TASK STATEMENT - Whenever a picture appears in the data, skip it and write out all other material exactly.

STORED DATA -
______
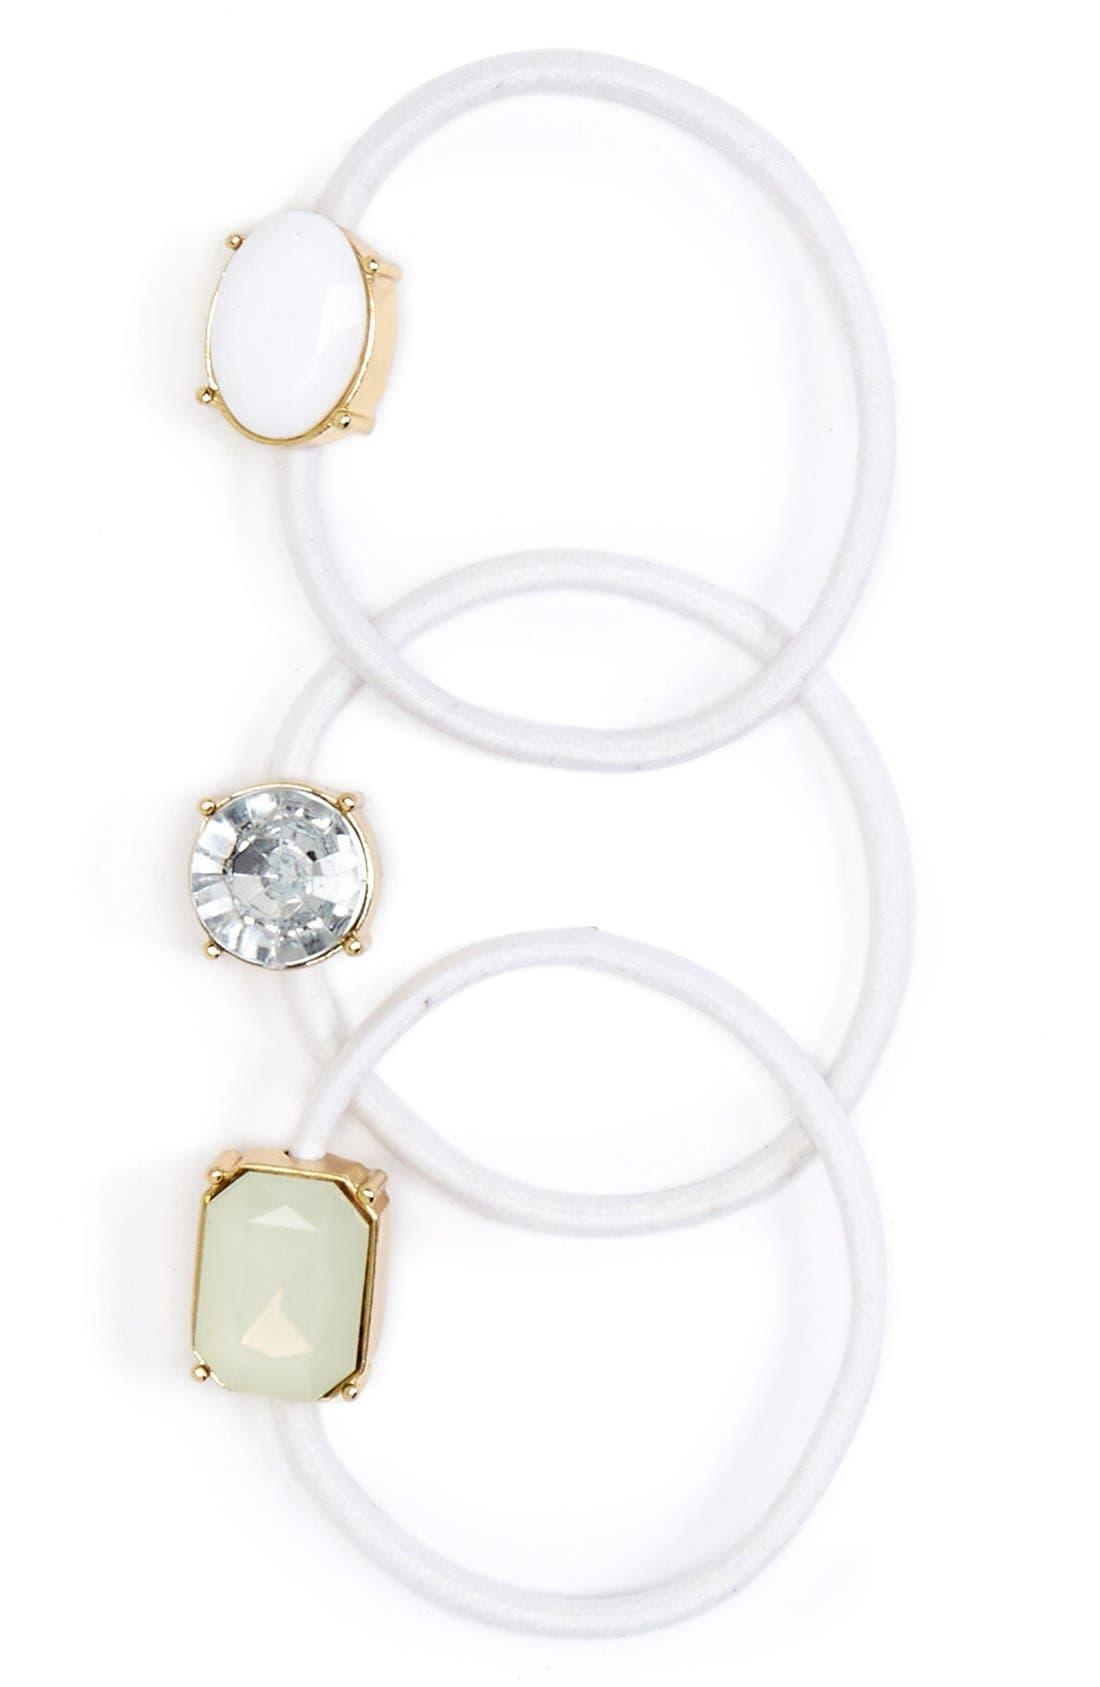 Main Image - Cara 'Bejeweled' Ponytail Holders (Set of 3)
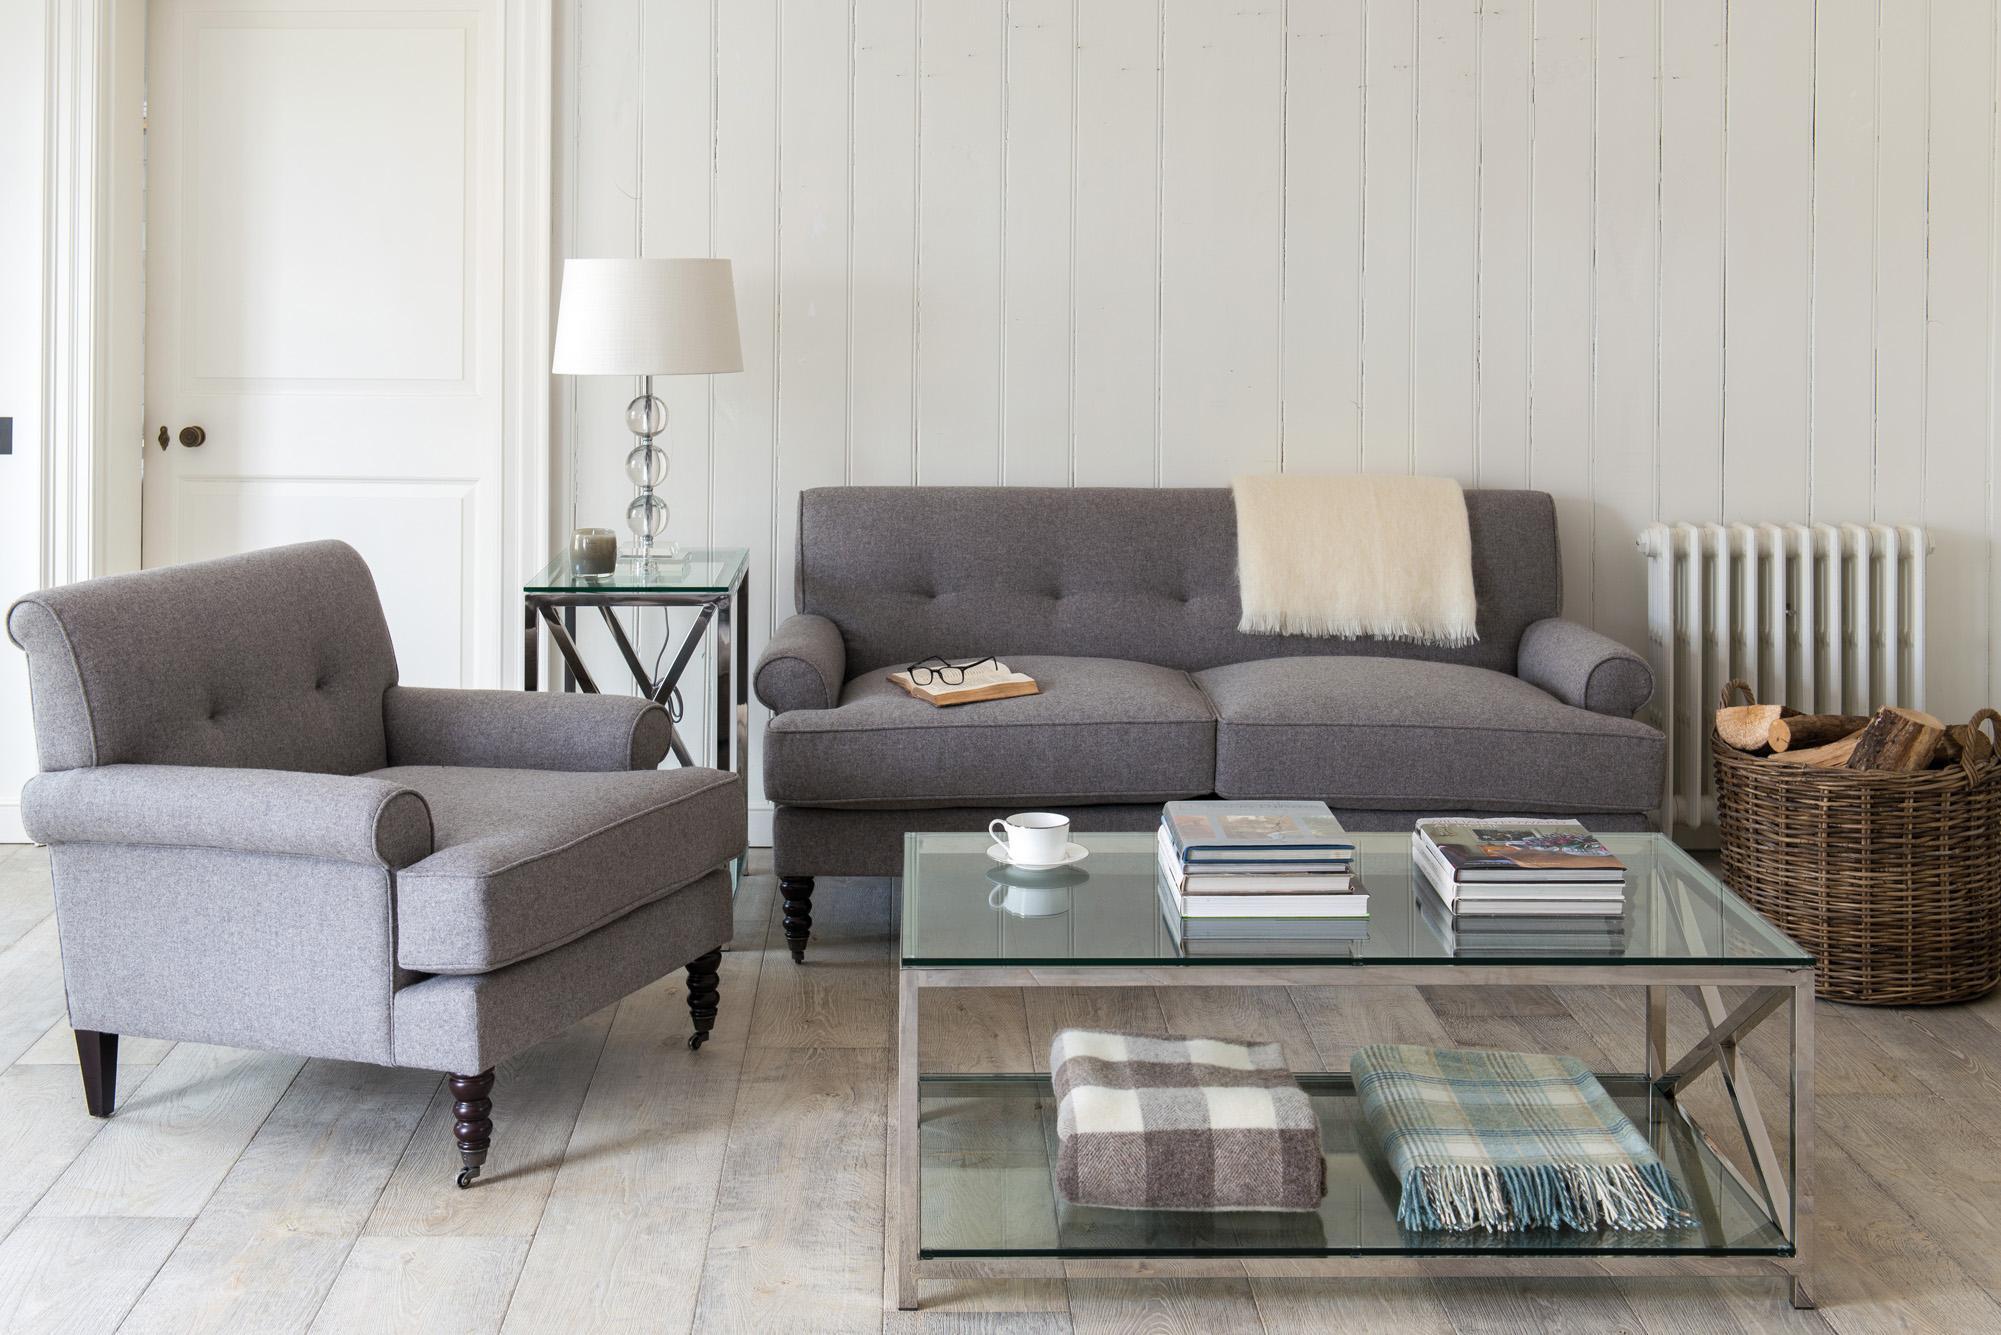 holzwand bilder ideen couchstyle. Black Bedroom Furniture Sets. Home Design Ideas
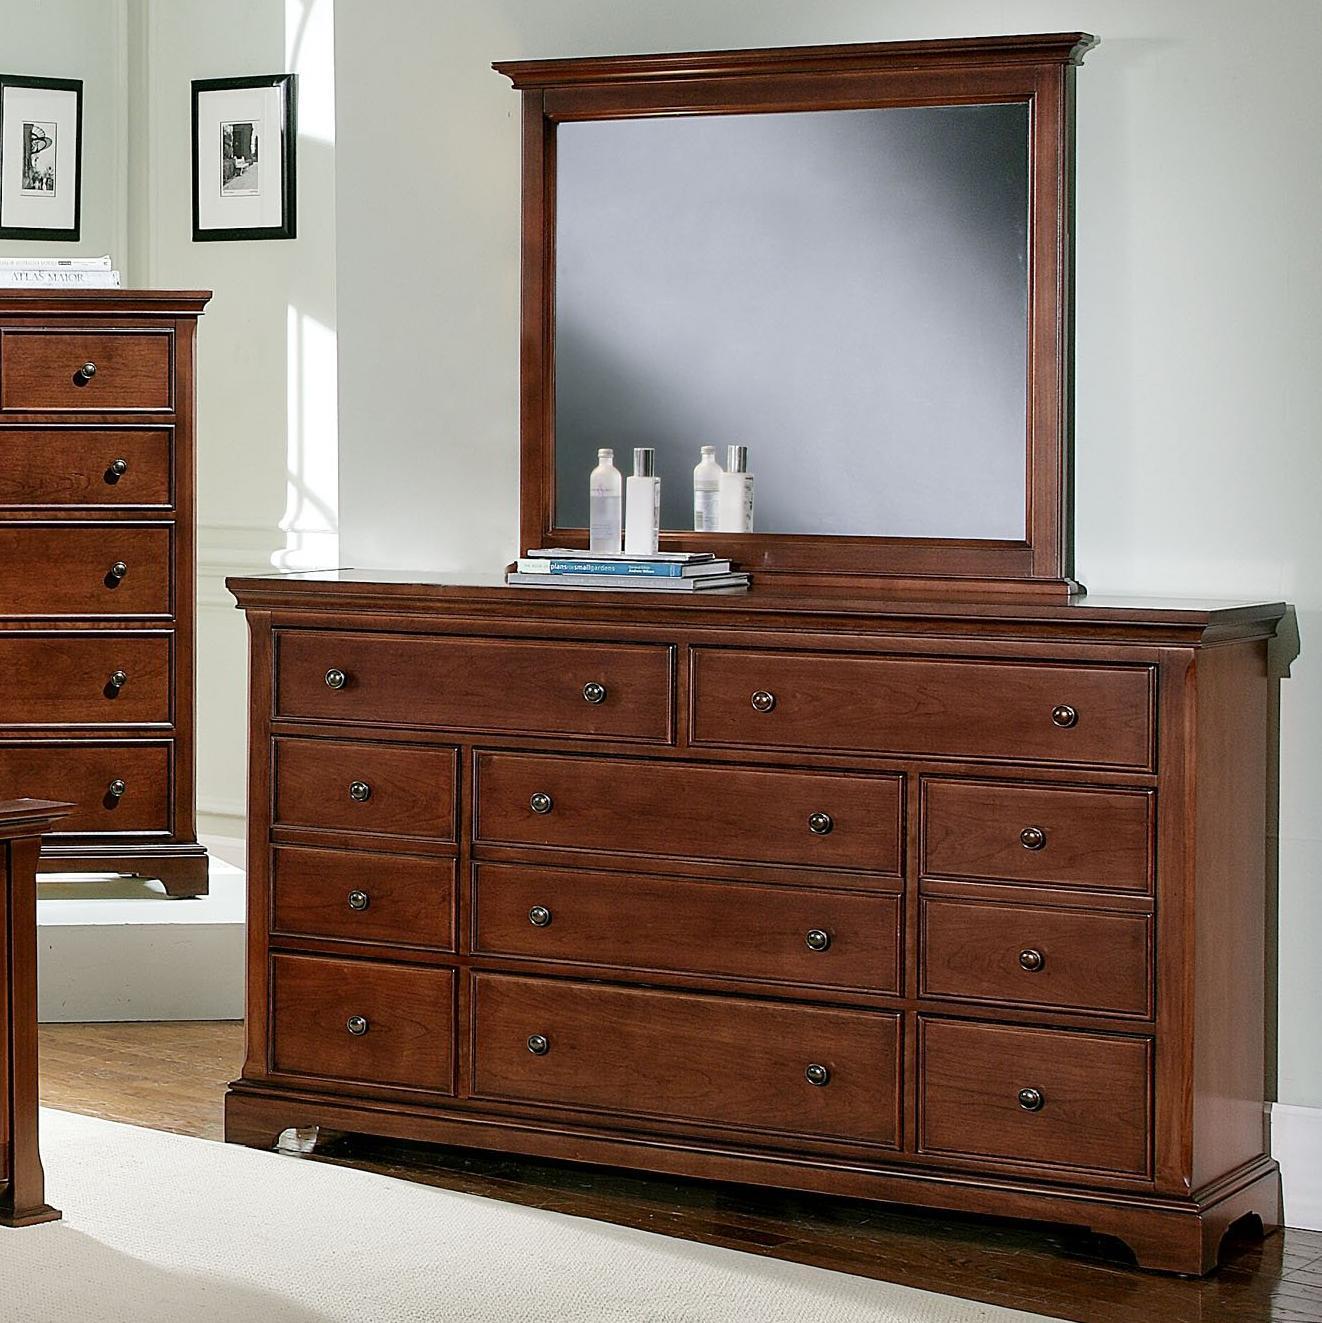 Vaughan Bassett Forsyth 8 Drawer Dresser and Mirror - Item Number: BB77-003+446
______
YOUR SOLUTION -
 Main Image - Cara 'Bejeweled' Ponytail Holders (Set of 3)
 holzwand bilder ideen couchstyle. Black Bedroom Furniture Sets. Home Design Ideas
 Vaughan Bassett Forsyth 8 Drawer Dresser and Mirror - Item Number: BB77-003+446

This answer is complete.